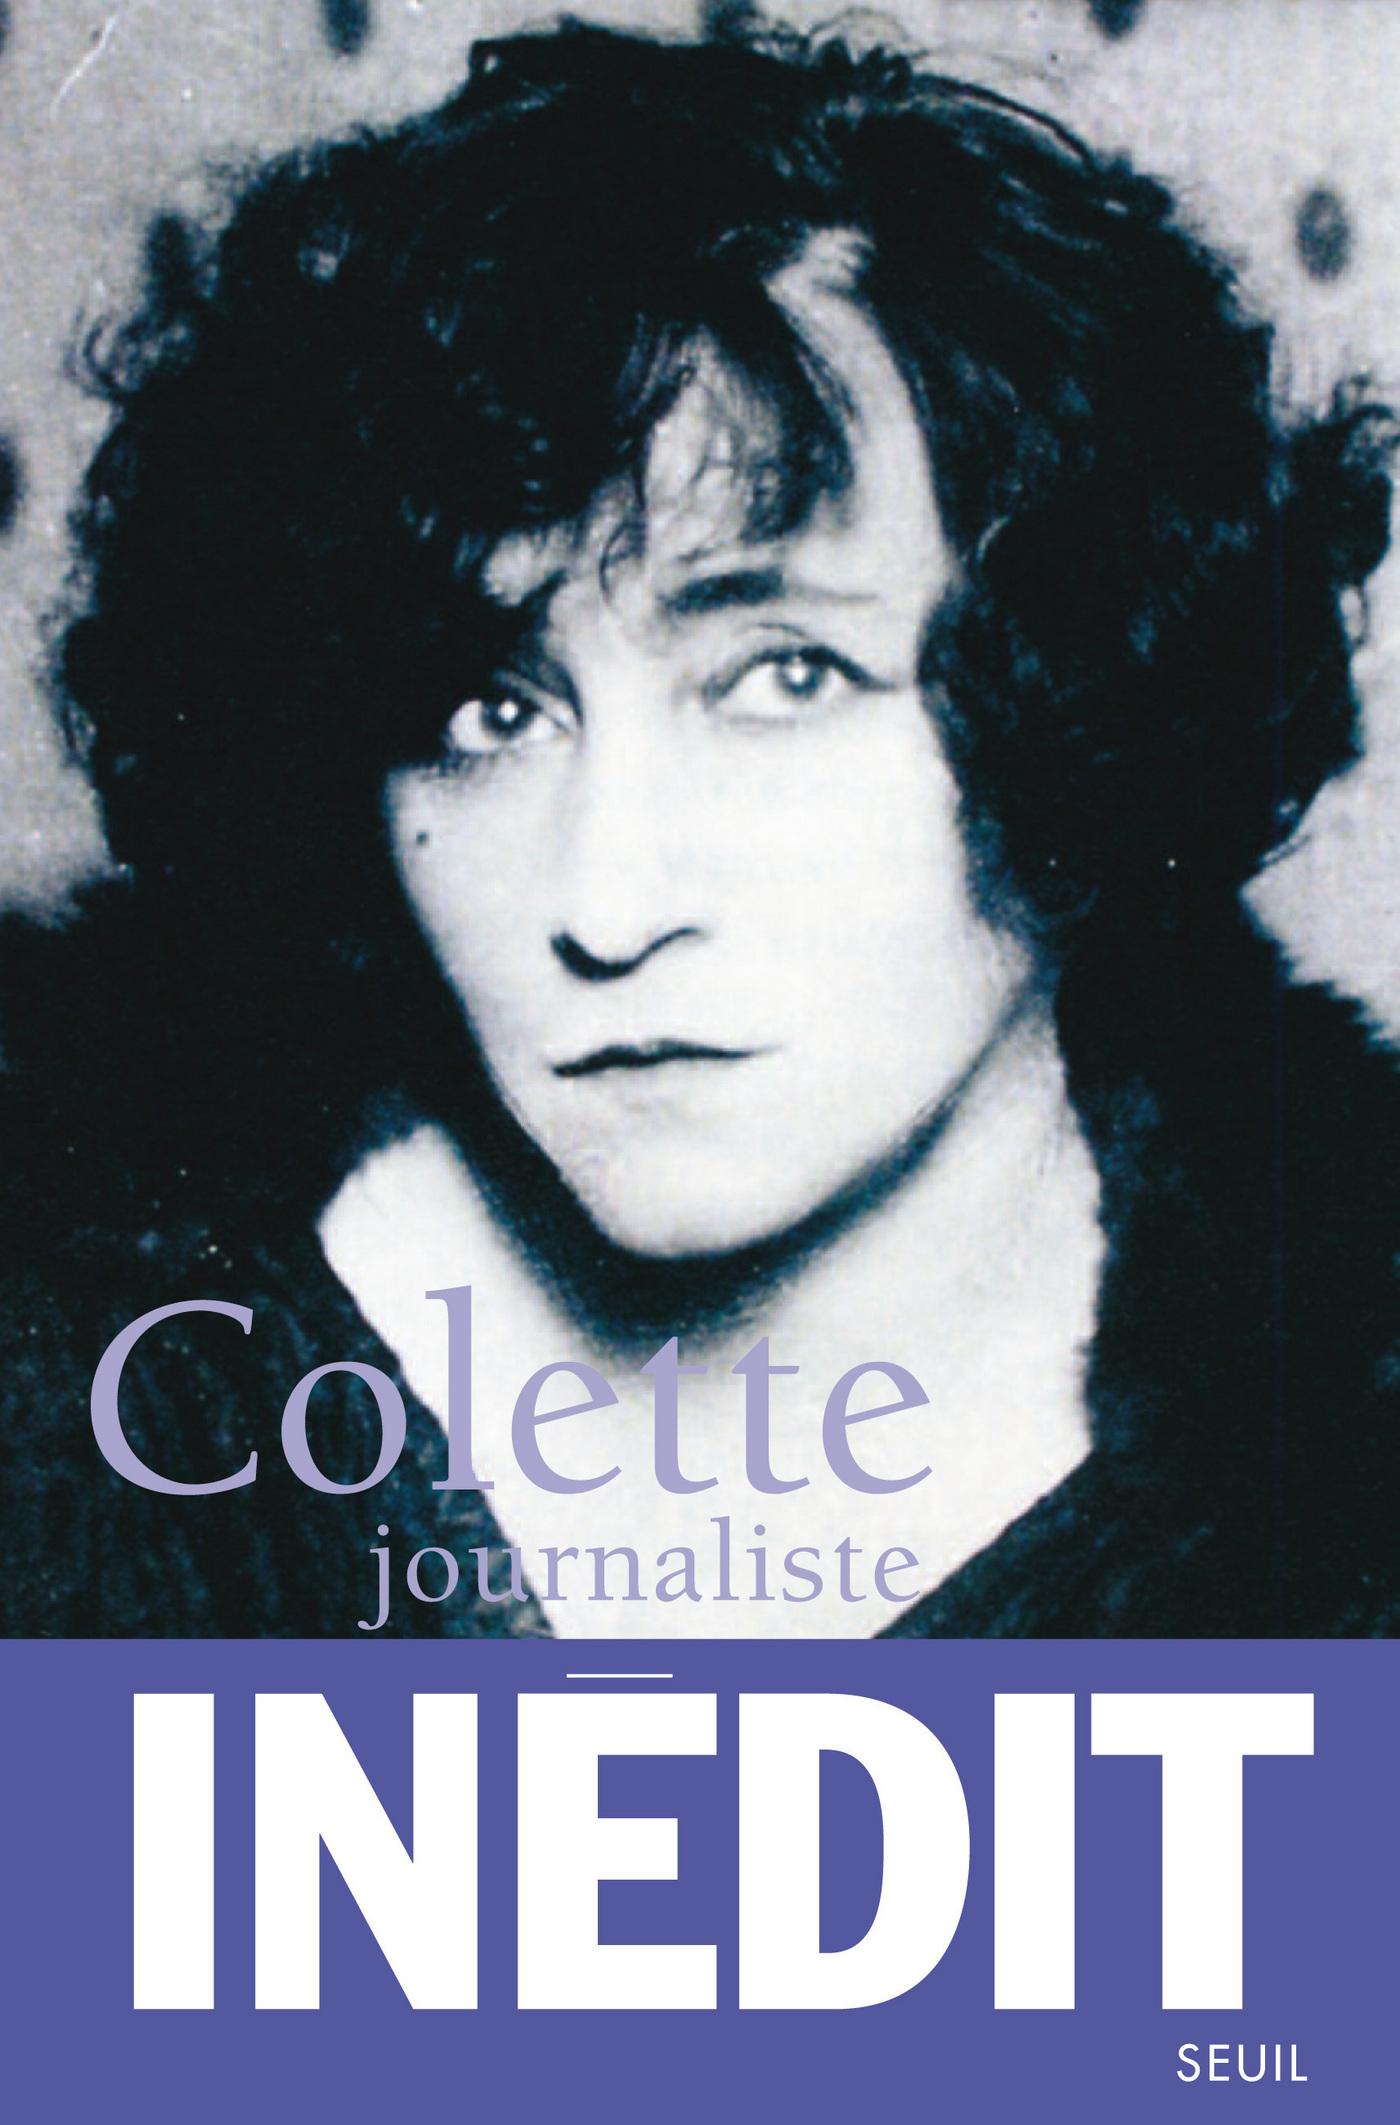 Colette journaliste. Chroni...
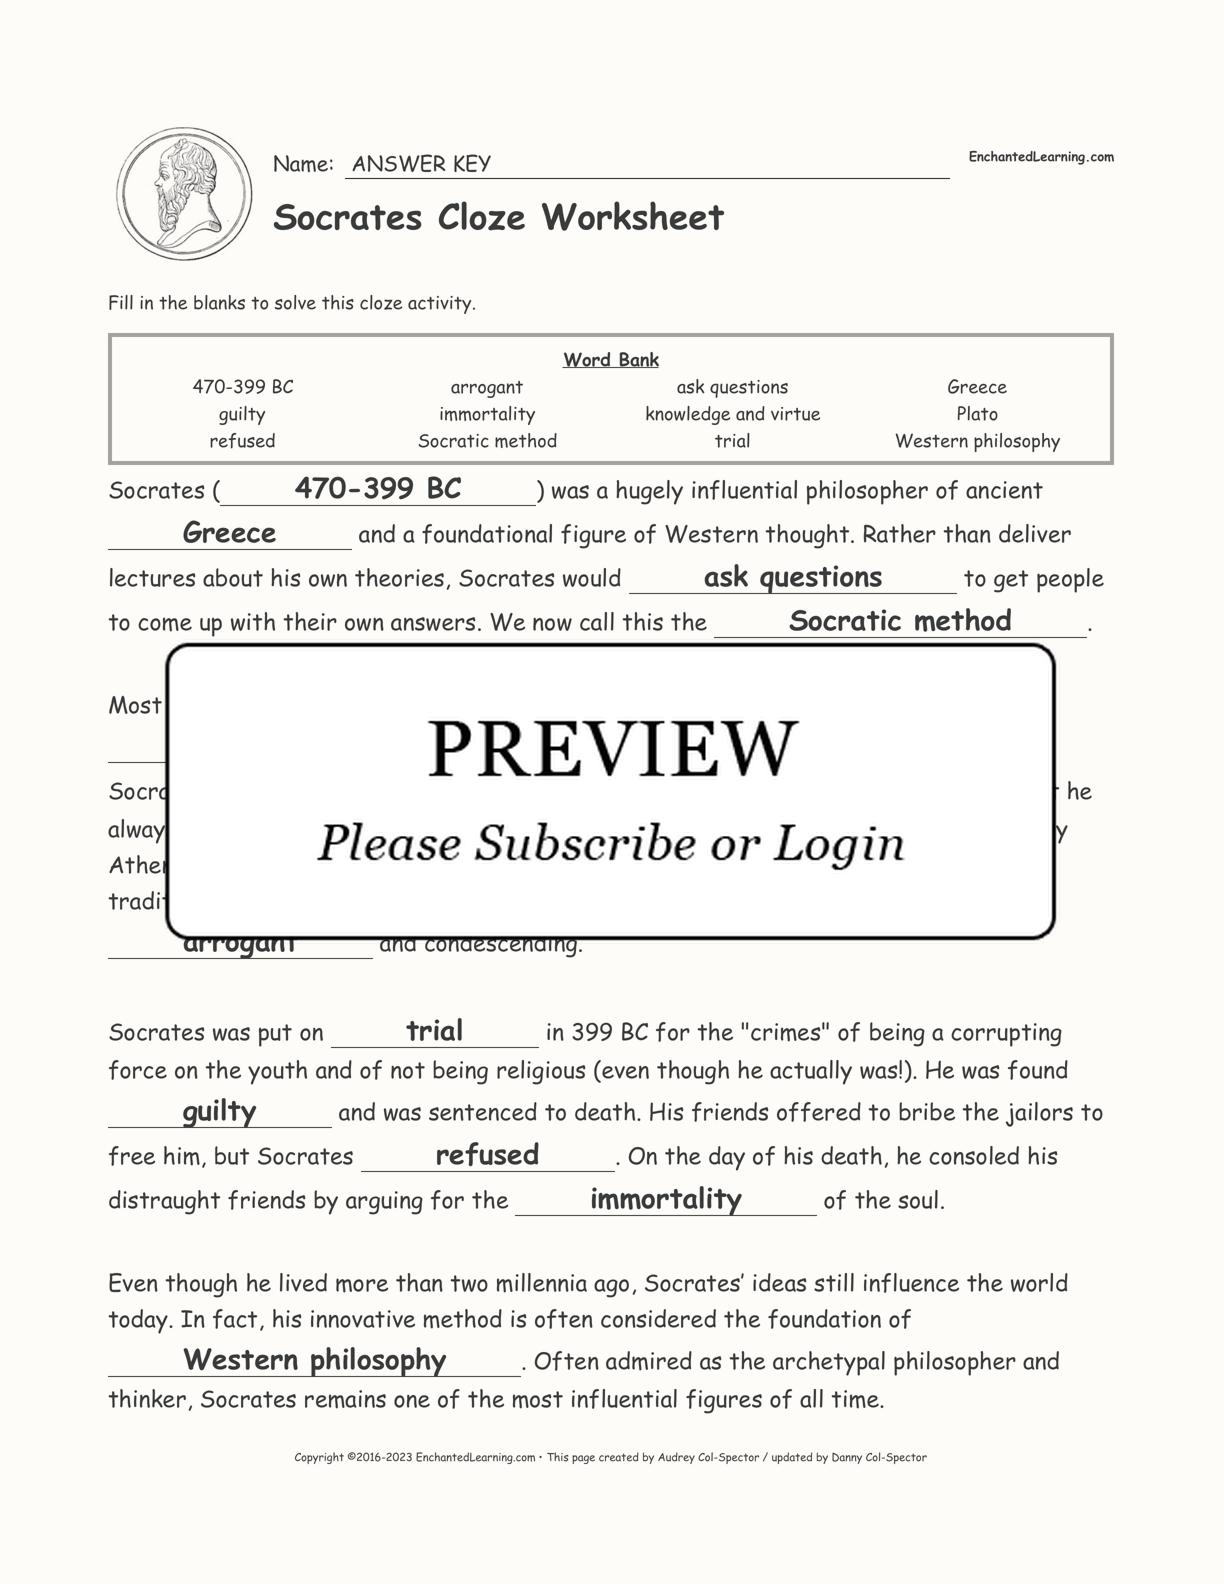 Socrates Cloze Worksheet
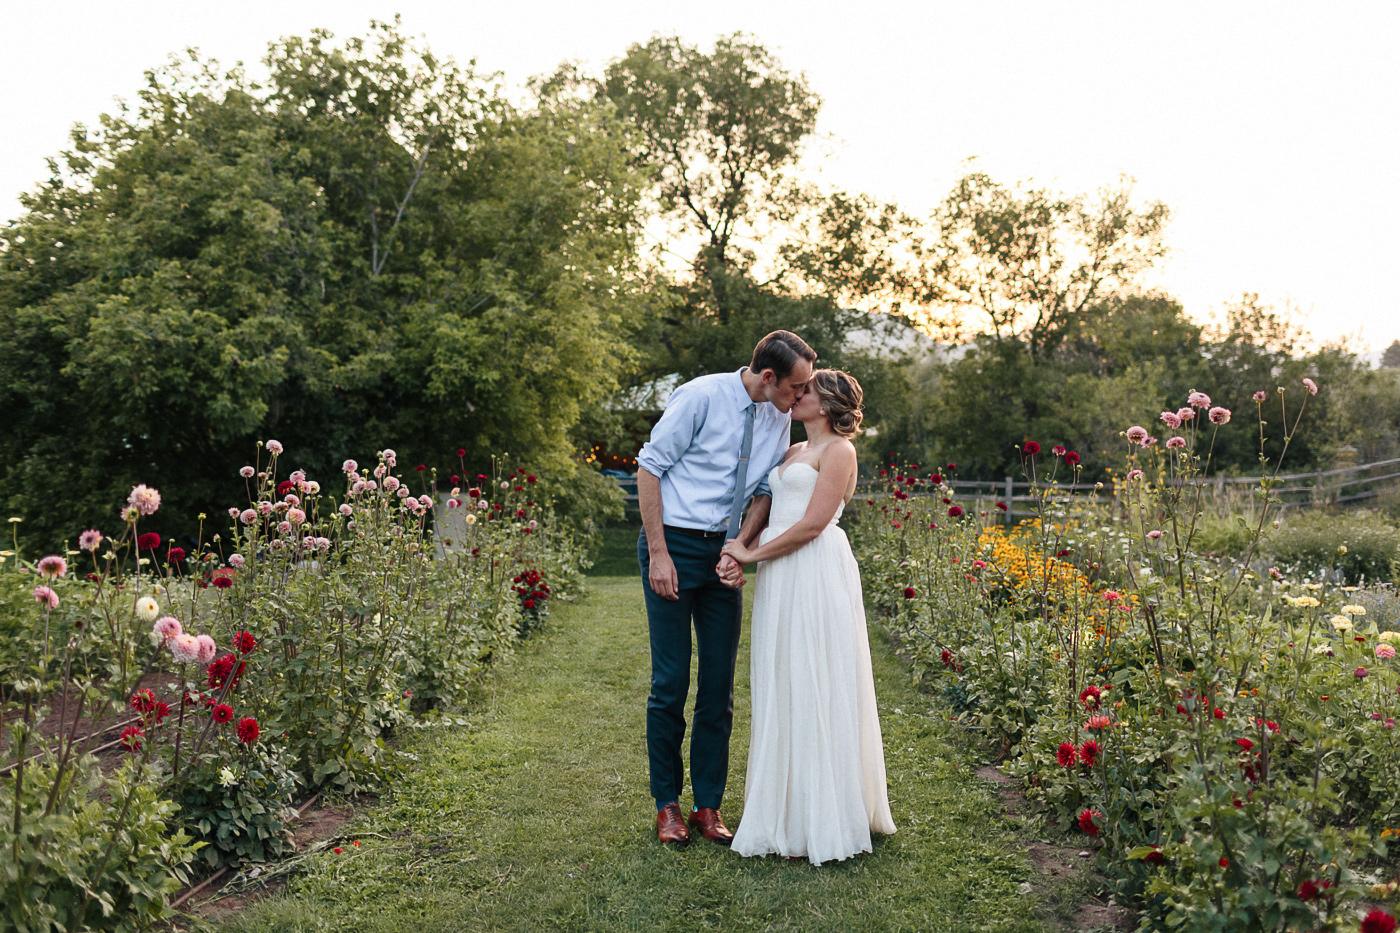 Lyons-Farmette-Wedding-Photographer-Lucy-Austin-Flash-Mob-Dance-68.jpg

Your instructions> Write out all the material above exactly, with no image carried over.

Exercise answer>
 Colette journaliste. Chroni...
 Socrates Cloze Worksheet
 Lyons-Farmette-Wedding-Photographer-Lucy-Austin-Flash-Mob-Dance-68.jpg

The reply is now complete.